Figure 5.2 Anesthetic equipment used for a large 8 kg koi (Cyprinus carpio) anesthetized for a surgical procedure: a Doppler probe protected by a glove filled with conducting gel is placed in the left opercular chamber for heart rate monitoring and two tubes, each connected to a submersible pump are placed in each opercular cavity.
Source: Photo courtesy: Companion Avian and Exotic Pet Medicine Service, University of California, Davis.
Figure 5.3 Intervention in the oropharyngeal cavity of a Ranchu goldfish (Carassius auratus): a suture from a previous incisional biopsy is visible on the mass extending from the left commissure to left side of the face, ventral to the left eye. Irrigation of the gills is achieved with tubing placed caudally in each opercular cavity, which allows maintenance of anesthesia.
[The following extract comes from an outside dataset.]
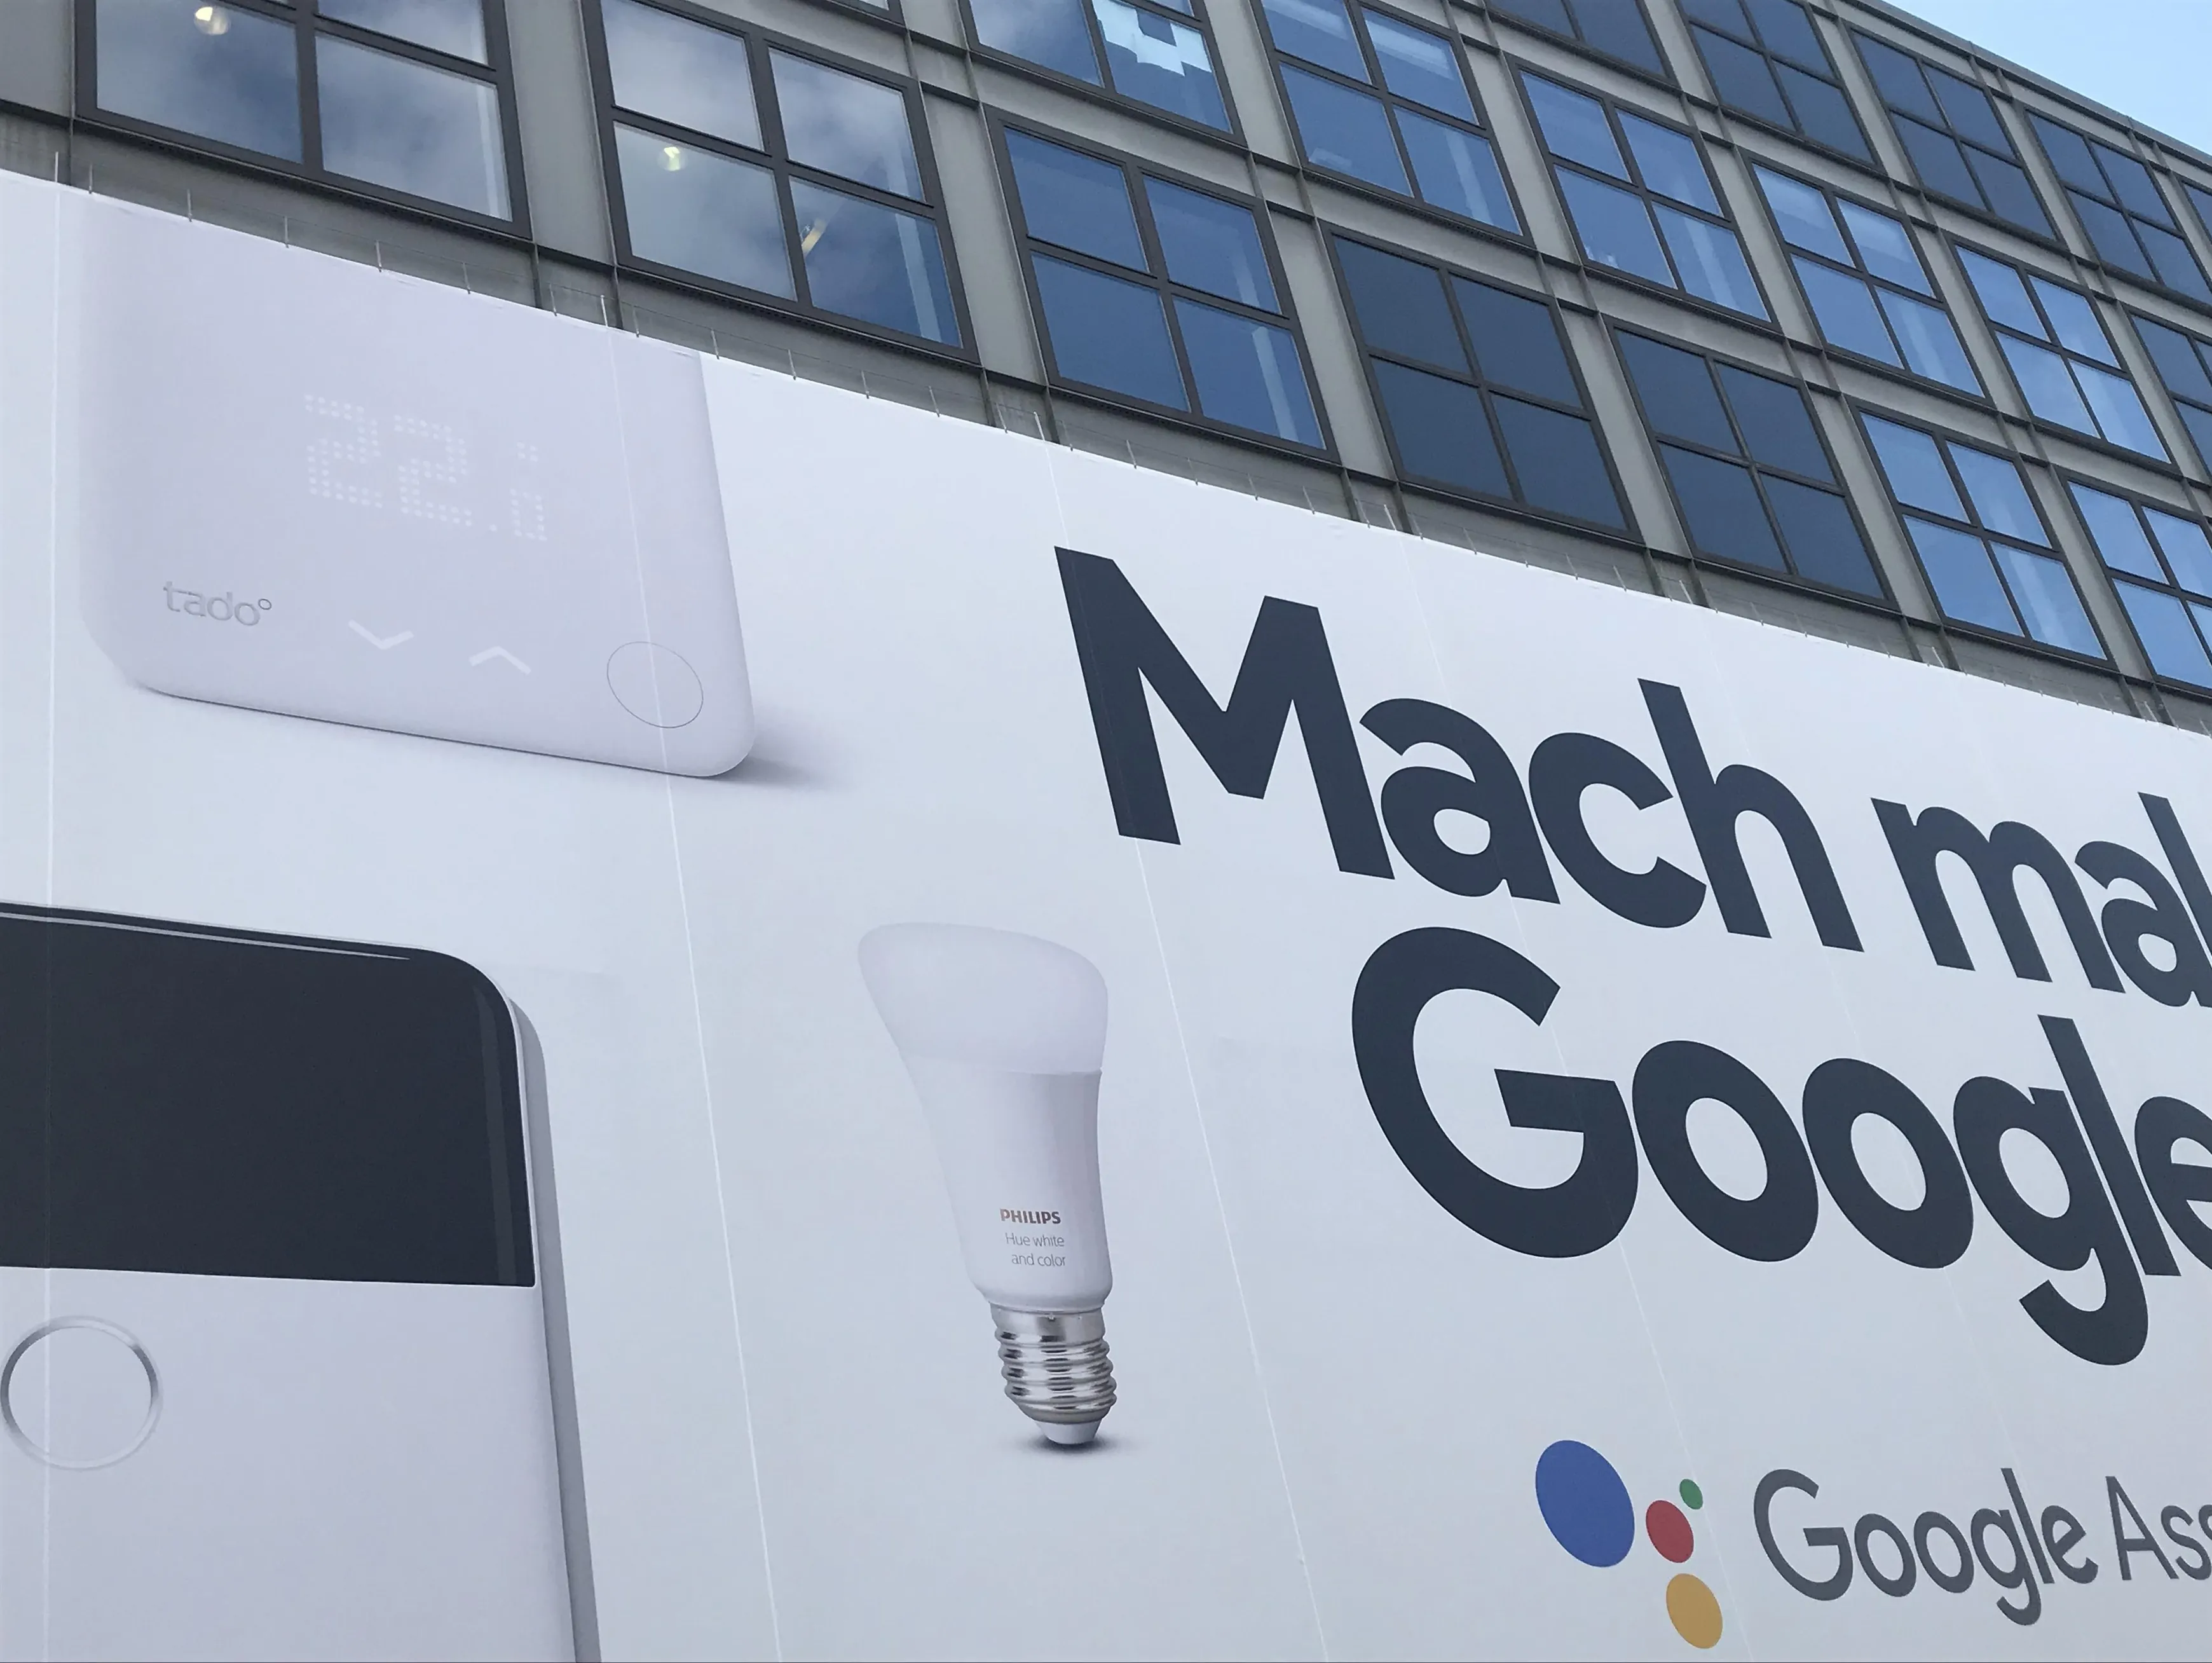 A tado smart thermostat on a big wall ad next to philips and google products

Source: Photo courtesy: Companion Avian and Exotic Pet Medicine Service, University of California, Davis.
Surgical Modalities
Modalities such as cryosurgery and CO2 laser have been used extensively in fish for mass ablation (Figure 5.4) (Francis‐Floyd et al. 1993; Harms et al. 2008; Boylan et al. 2015). These modalities improve hemostasis but do not allow for histologic evaluation and no study has demonstrated superior results using these modalities in fish. Protocols are extrapolated from those used in mammals. Hand‐held electrocautery can be used for hemostasis, but electrosurgery should not be used due to the omnipresence of conductive water (Figure 5.5).
Wounds
Wound healing has been studied extensively in zebrafish (Danio rerio) (Rapanan et al. 2015). Fish have exceptional regenerative capability (Ochandio et al. 2015). Fish skin has intrinsic healing properties, and products derived from fish skin are under investigation for xenografts (Baldursson et al. 2015). Healing time depends on environmental parameters such as water temperature, alkalinity, pH, salinity, and photoperiod (Andrews et al. 2015). Skin healing may take months in a cold‐water species. Keeping the patient at the higher end of its temperature range hastens healing time (Andrews et al. 2015; Ang et al. 2021).